Clinton fell in with The Family in 1993, when she joined a Bible study group composed of wives of conservative leaders like Jack Kemp and James Baker. When she ascended to the Senate, she was promoted to what Sharlet calls the Family's "most elite cell," the weekly Senate Prayer Breakfast, which included, until his downfall, Virginia's notoriously racist Senator George Allen. This has not been a casual connection for Clinton. She has written of Doug Coe, The Family's publicity-averse leader, that he is "a unique presence in Washington: a genuinely loving spiritual mentor and guide to anyone, regardless of party or faith, who wants to deepen his or her relationship with God."

PROGRESSIVE REVIEW, APRIL 2003 We recently reported that six members of Congress live in a $1.1 million Capitol Hill town house that is subsidized by a secretive religious organization alternately known as the "Fellowship" and the "Foundation." The outfit is even stranger than we thought, as we learn from journalist Jeffrey Sharlet, who infiltrated it and wrote an article about his experiences in the March Harper's: "Jesus Plus Nothing: Undercover Among America's Secret Theocrats"

JEFFREY SHARLET, HARPER'S, 2003 - At Ivanwald, men learn to be leaders by loving their leaders. "They're so busy loving us," a brother once explained to me, "but who's loving them?" We were. The brothers each paid $400 per month for room and board, but we were also the caretakers of The Cedars, cleaning its gutters, mowing its lawns, whacking weeds and blowing leaves and sanding. And we were called to serve on Tuesday mornings, when The Cedars hosted a regular prayer breakfast typically presided over by Ed Meese, the former attorney general. Each week the breakfast brought together a rotating group of ambassadors, businessmen, and American politicians. Three of Ivanwald's brothers also attended, wearing crisp shirts starched just for the occasion; one would sit at the table while the other two poured coffee. . .

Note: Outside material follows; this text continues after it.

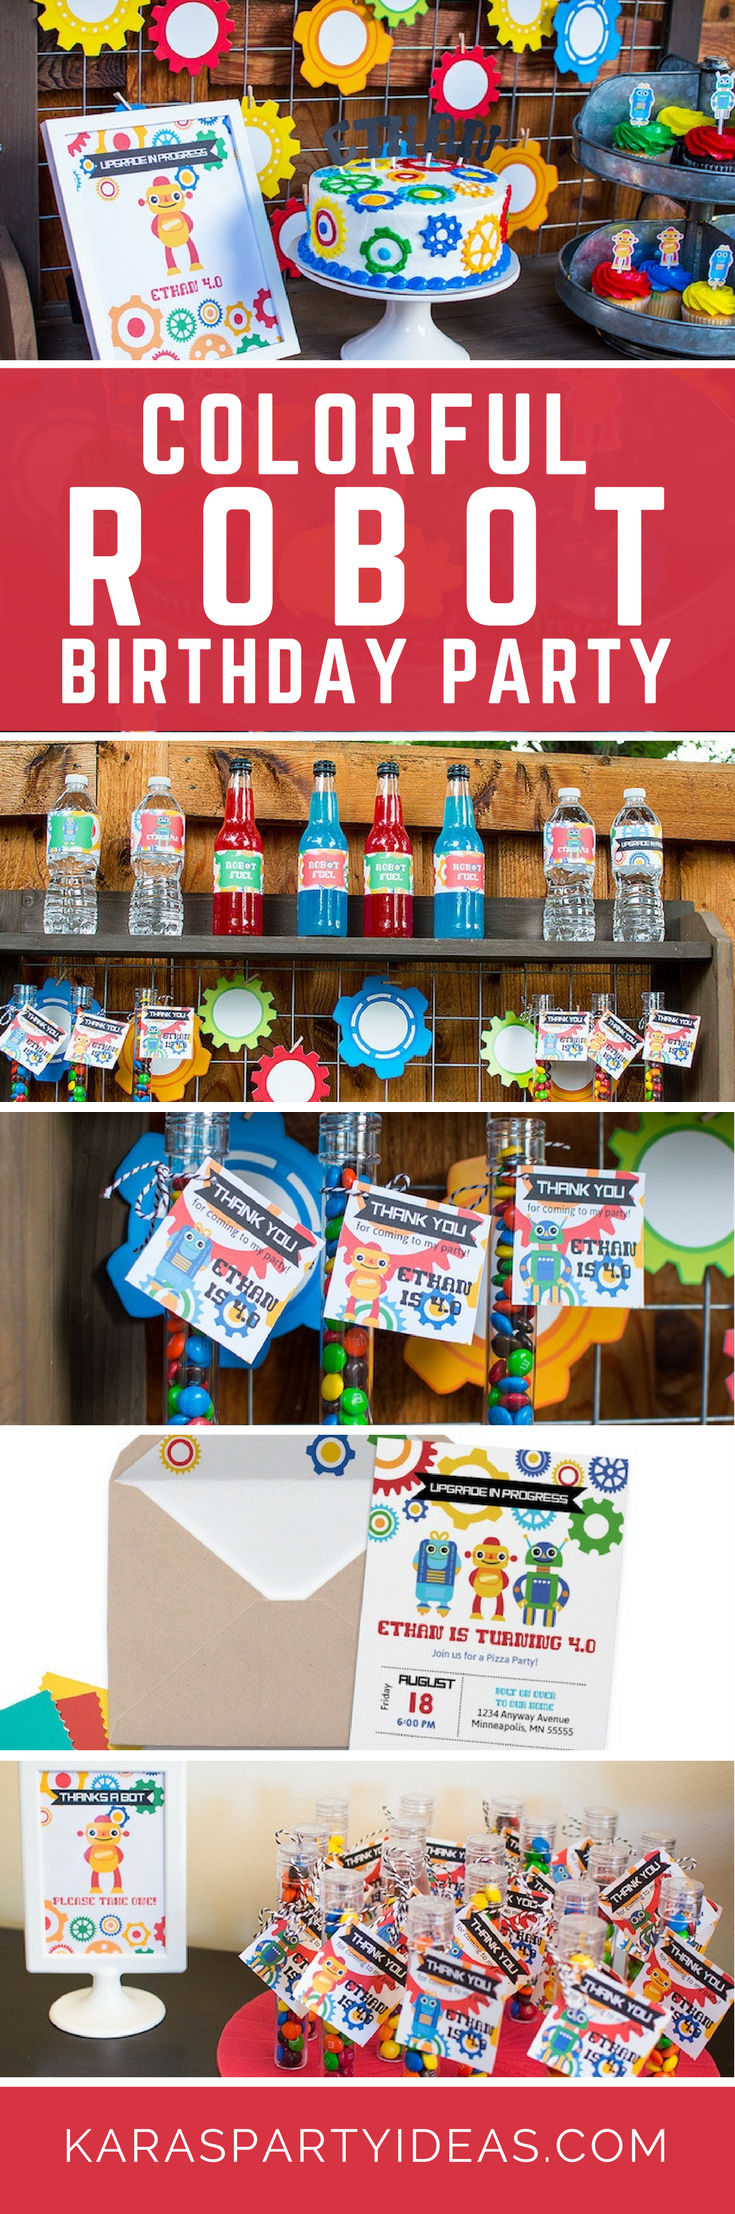 Colorful Robot Birthday Party via Kara's Party Ideas - KarasPartyIdeas.com

The brothers also served at the Family's four-story, redbrick Washington town house, a former convent at 133 C Street S.E. complete with stained-glass windows. Eight congressmen - including Senator Ensign and seven representatives - lived there, brothers in Christ just like us, only more powerful. We scrubbed their toilets, hoovered their carpets, polished their silver. The day I worked at C Street I ran into Doug Coe, who was tutoring Todd Tiahrt, a Republican congressman from Kansas. A friendly, plainspoken man with a bright, lazy smile, Coe has worked for the Family since 1959, soon after he graduated from college, and has led it since 1969. Tiahrt was a short shot glass of a man, two parts flawless hair and one part teeth. He wanted to know the best way "for the Christian to win the race with the Muslim." The Muslim, he said, has too many babies, while Americans kill too many of theirs. . .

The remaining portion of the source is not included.